Beside commit data, we have collected e-mail data from each subject project. We downloaded the e-mails from the publicly available mailing-list archive GmaneFootnote 7. For each of our subject projects, we only downloaded the e-mails of the corresponding developer mailing list (not user mailing lists), as we focus on investigating the coordination of source-code changes of developers. We used again Codeface to extract information from e-mail headers: the date on which an e-mail was created, the author of the e-mail, and the thread ID of the e-mail (e-mails belonging to the same thread have the same thread ID). In our study, we only include e-mails of developers who also appear in commits, because we want to investigate the relation between C-bursts and corresponding E-bursts.

Authors can use different names and several e-mail addresses, which makes it challenging to map e-mails and commits onto real persons. Codeface first attempts to assign e-mails to a certain author by matching the author’s names. If names of authors do not match, Codeface proceeds with matching e-mail addresses. To put it simply, authors of e-mails which use the same name or the same e-mail address are mapped to one real person. Regarding name and e-mail disambiguation, Codeface implements the heuristics of Oliva et al. (2012)), which provides good results compared to other heuristics as it has a median recall of approximately 0.5 and a median precision of about 0.9 (Wiese et al. 2016).

4.3 Variables

In Table 3, we provide an overview of the independent and dependent variables of our study.

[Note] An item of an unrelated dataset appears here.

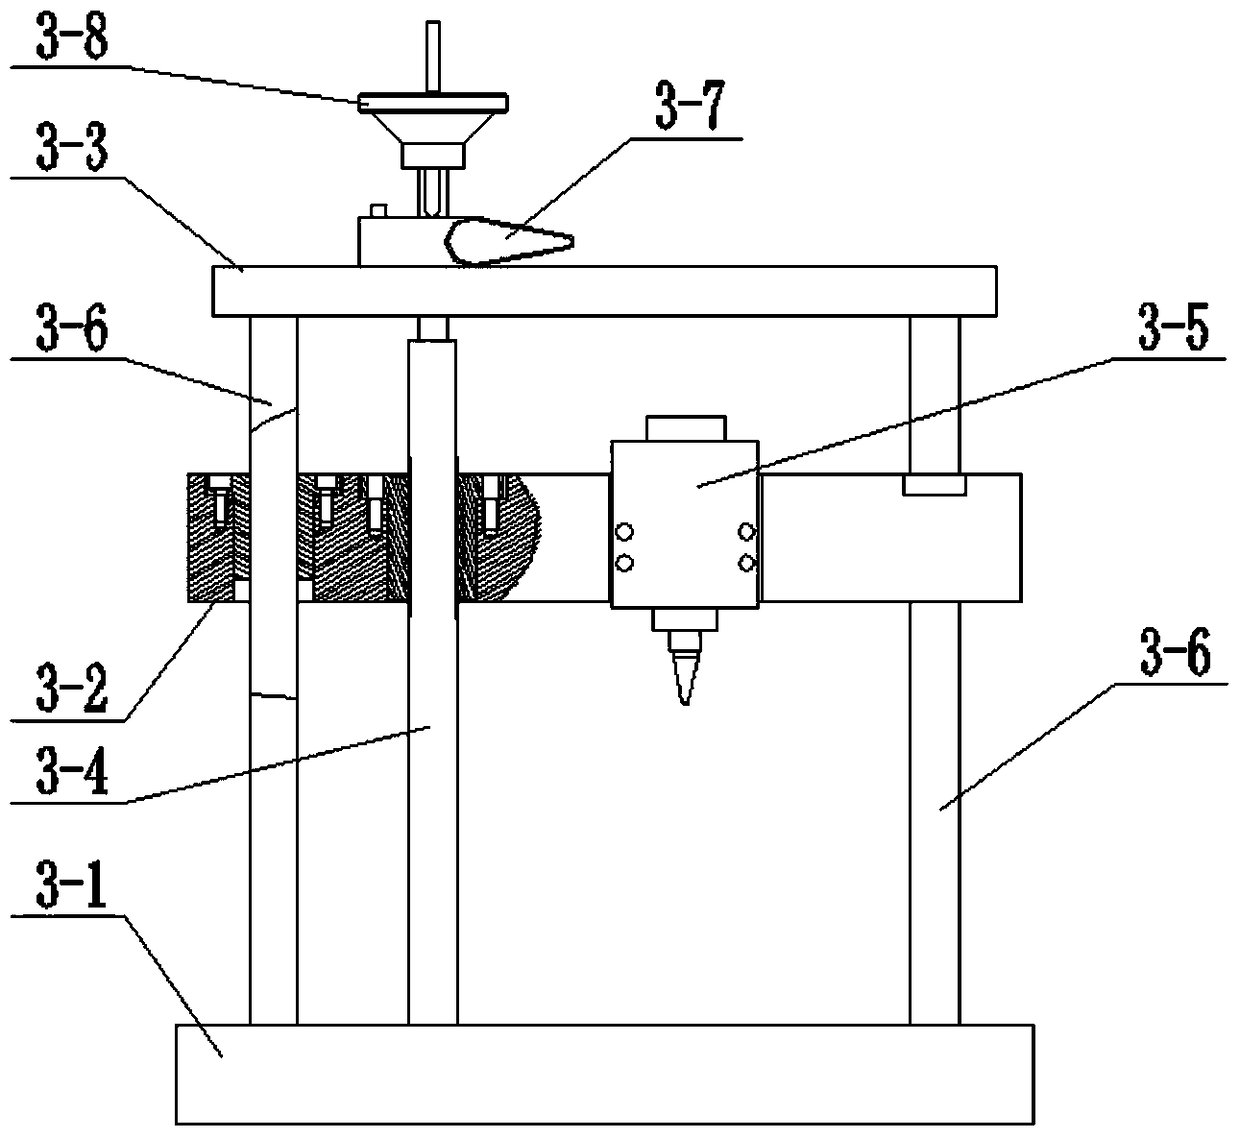 A high-speed vibration measurement device for rolling bearings

Table 3 Independent and dependent variables of our empirical study
Fig. 7
figure 7

Box plots of the response times for each pair of developers; outliers are omitted. File-based and feature-based response times represent the time distances between subsequent commits to a common file or feature of a developer pair. Message-based response times represent the time distances between subsequent e-mails of a developer pair, conversation-based response times only represent the time distances between subsequent e-mails of a developer pair within the same thread. The red vertical lines represent the time windows (Color figure online)\(\xi \) chosen for our study

As independent variables, we vary the considered artifact types (files and features) for identifying the C-bursts. For identifying E-bursts, we distinguish between message-based E-bursts and conversation-based E-bursts. On top of that, we also vary the e-mail filtering: Whereas we use all e-mails and perform no filtering for our upper-bound approach, we filter the e-mails by commit messages of the C-bursts before identifying E-bursts for the lower-bound approach. In addition, we vary the time window for burst identification: We consider time windows \(\xi \) of 1 day, 5 days, 10 days, and 15 days, based on a response-time analysis: In Fig. 7, we show the response times for subsequent e-mails and subsequent commits to a common artifact for each pair of developers, for each level of abstraction and subject project considered in our study. Depending on project and abstraction level, at least, 70% of the different response times are shorter than 15 days. When omitting outliers, all response times on features are shorter than 15 days. Especially on mailing lists, at least, 70% of the response times are even shorter than 1 day. Hence, our chosen time windows \(\xi \) are reasonable time distances that synchronous development can deliberately last, because developers mostly reply to e-mails or commits within a few days.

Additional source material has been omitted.